Now comes the hard part--but the fun part--applying these principles to songs. I have read that the easiest way to learn the intervals is to hear them in a song. Some people have given examples of the first two notes of certain songs as a way to memorize what the interval sounds like, such as C-E (M3) are the first two notes for Michael Row the Boat Ashore, or C-C (P8) as the first two notes to Take Me Out to the Ball Game. I have tried this technique briefly with the C scale, but when I listened to a song in its entirety I was completely lost. I wondered how I would know what key the song is in and how I would know what the intervals were for the entire song. It is said that there is a 90+% chance that the very last note of a song is the key the song is written in. This is a major clue. But I wondered if there was some other quality that distinguished one key from another that was recognizable before you got to the very last note. I could not recognize anything in particular except that some keys sound higher or lower than others. But on the guitar it also depends on what position you are playing the song in. Then I tried playing in different positions and there was not any real difference except when you went to a higher octave. An open C scale sounded like a C scale on the VIII fret. But a C scale open beginning on the second string was another octave.

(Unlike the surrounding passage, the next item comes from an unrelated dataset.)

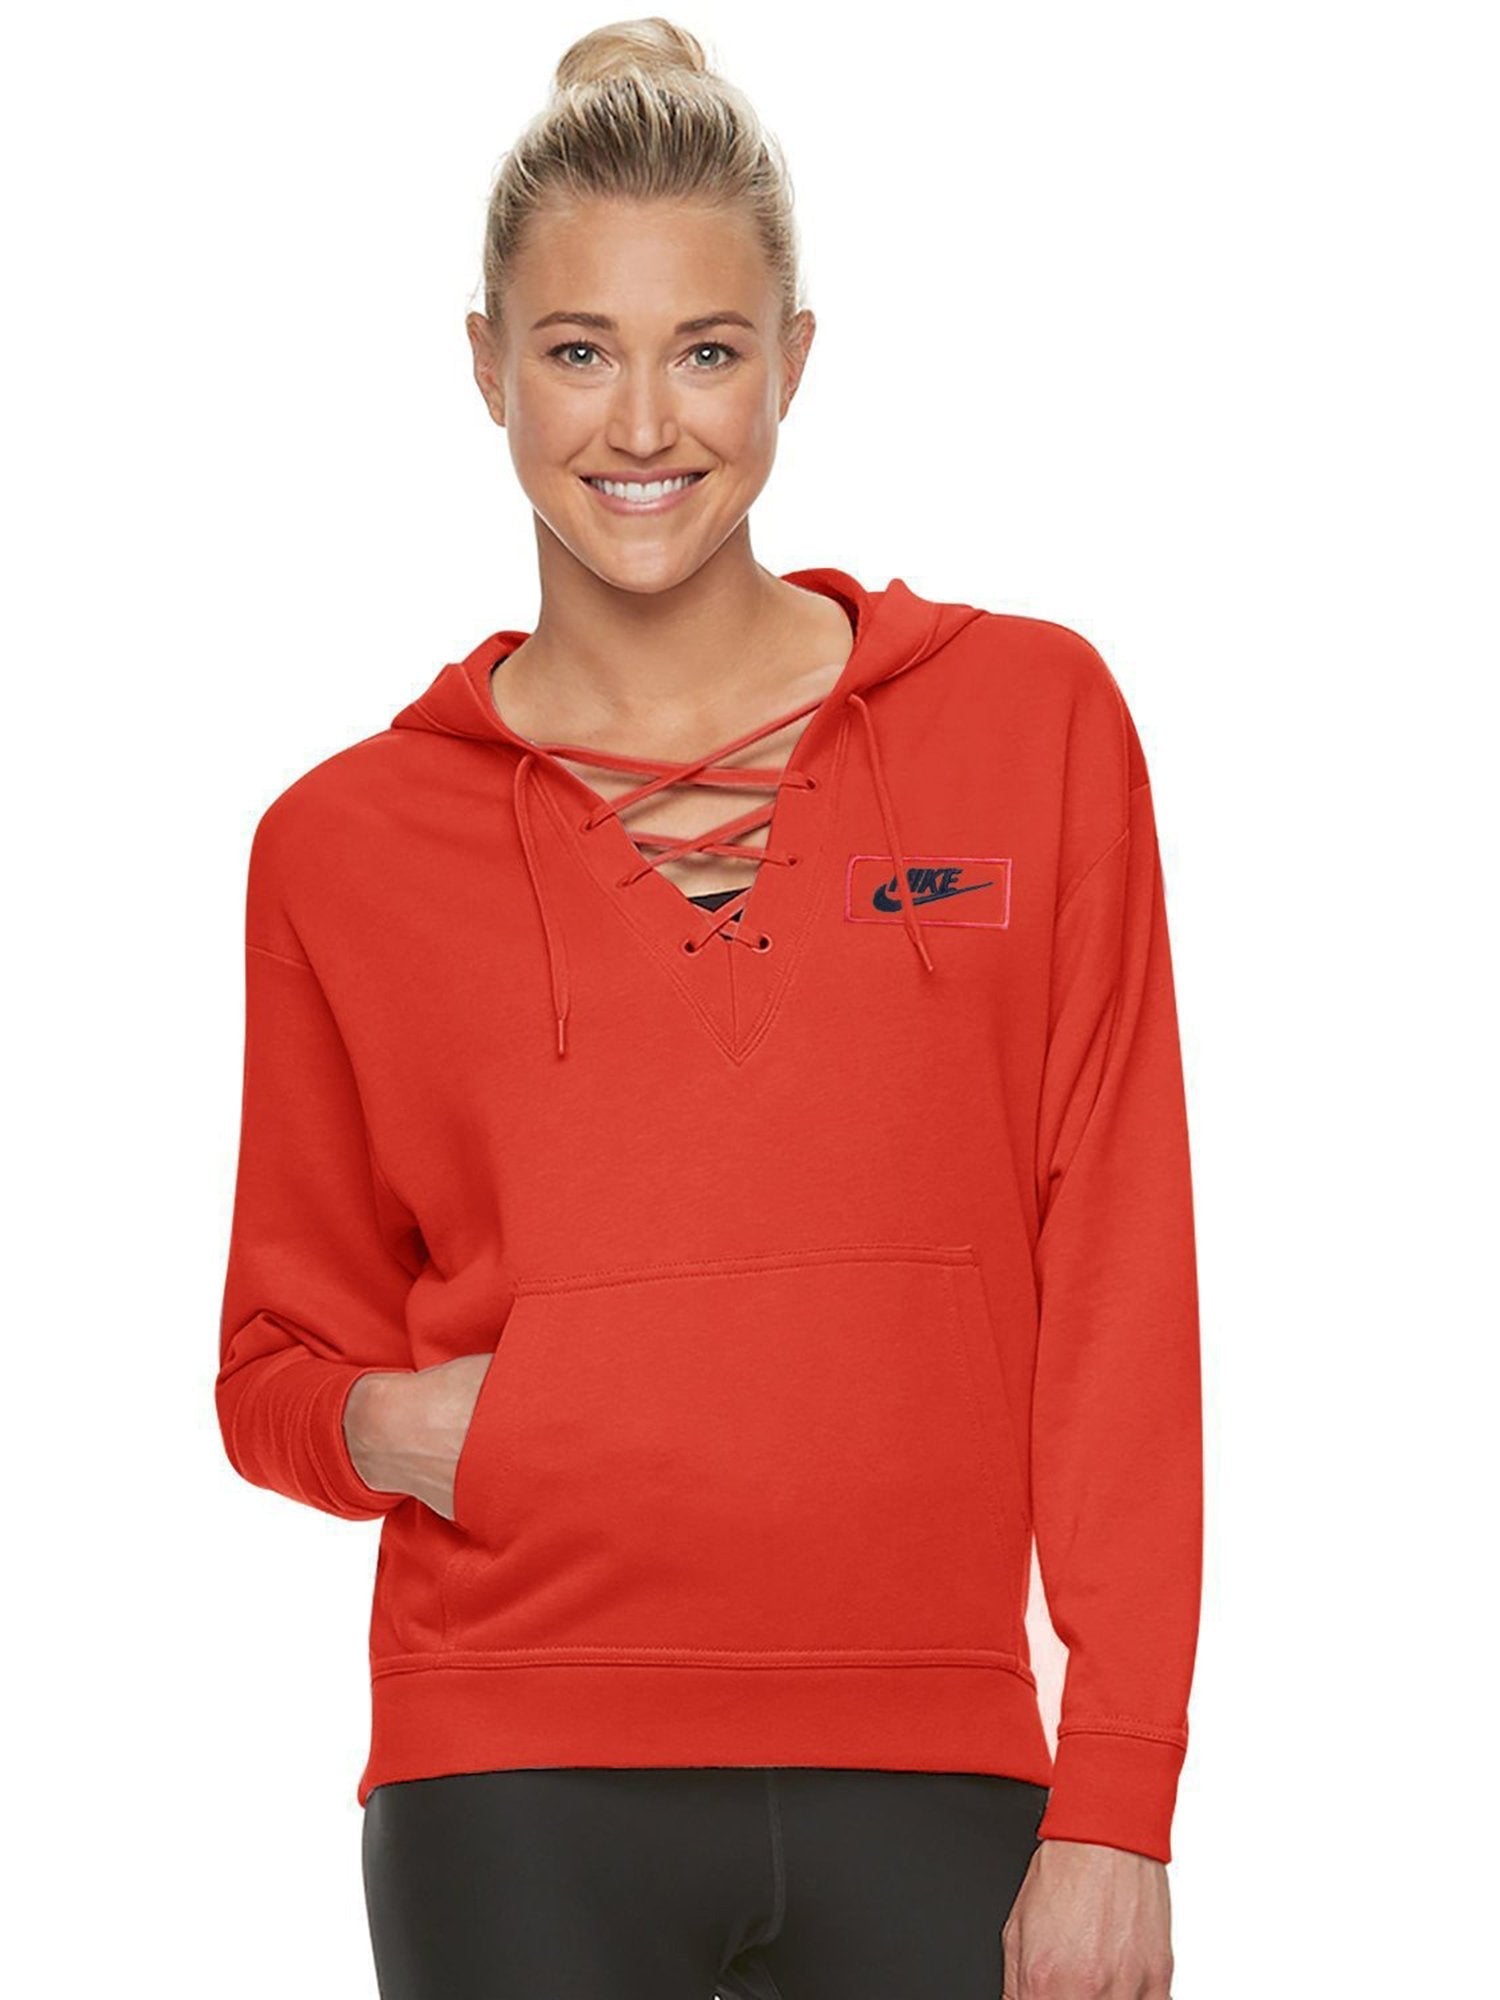 NK Terry Fleece Lace Up Hoodie For Ladies-Coral Orange-RT905
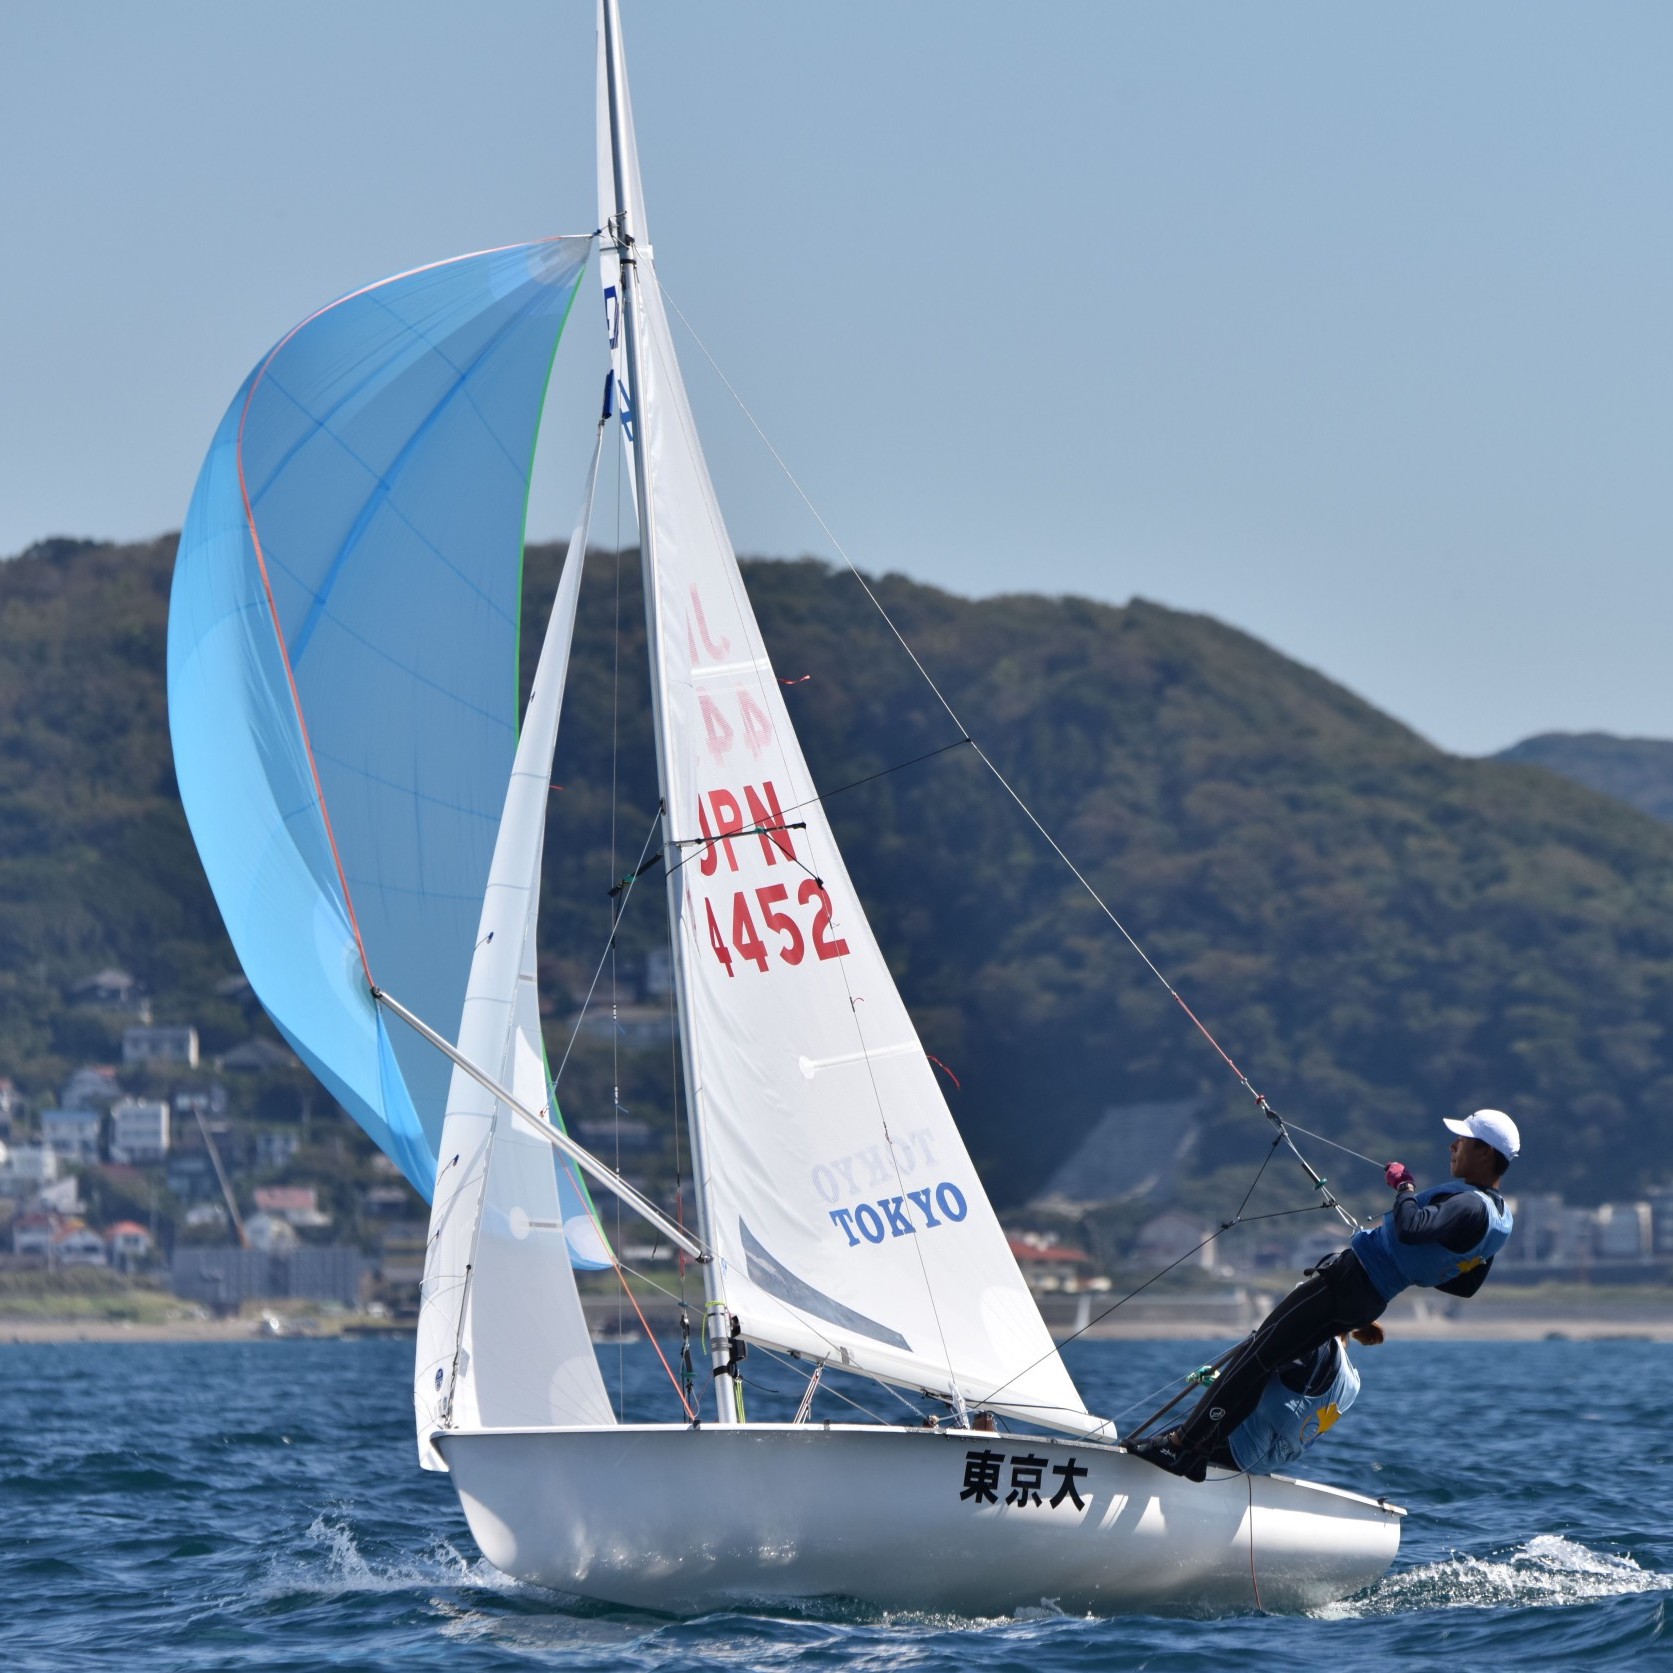 The University of Tokyo Sailing Team/About Us

I took a song to look closer at: Give My Regards to Broadway. This song is in the public domain and I have seen it written in both the key of C and the key of G. The original by the Author is in G. I like it better in C. But I am only looking at the first 7 notes. In the key of C they would be C-D-E-F-G-F-E. In the key of G they are G-A-B-C-D-C-B. If I were searching for the intervals between each of these notes I come up with the following:

There is a string of M2 intervals ending with M7 intervals. In either key, the interval is the same, even though the notes have changed. This sends me back to square one--learning by the two note method. Maybe there is some unspeakable recognition, such as recognizing color. Blue versus red. I can't describe the difference but I know there is one.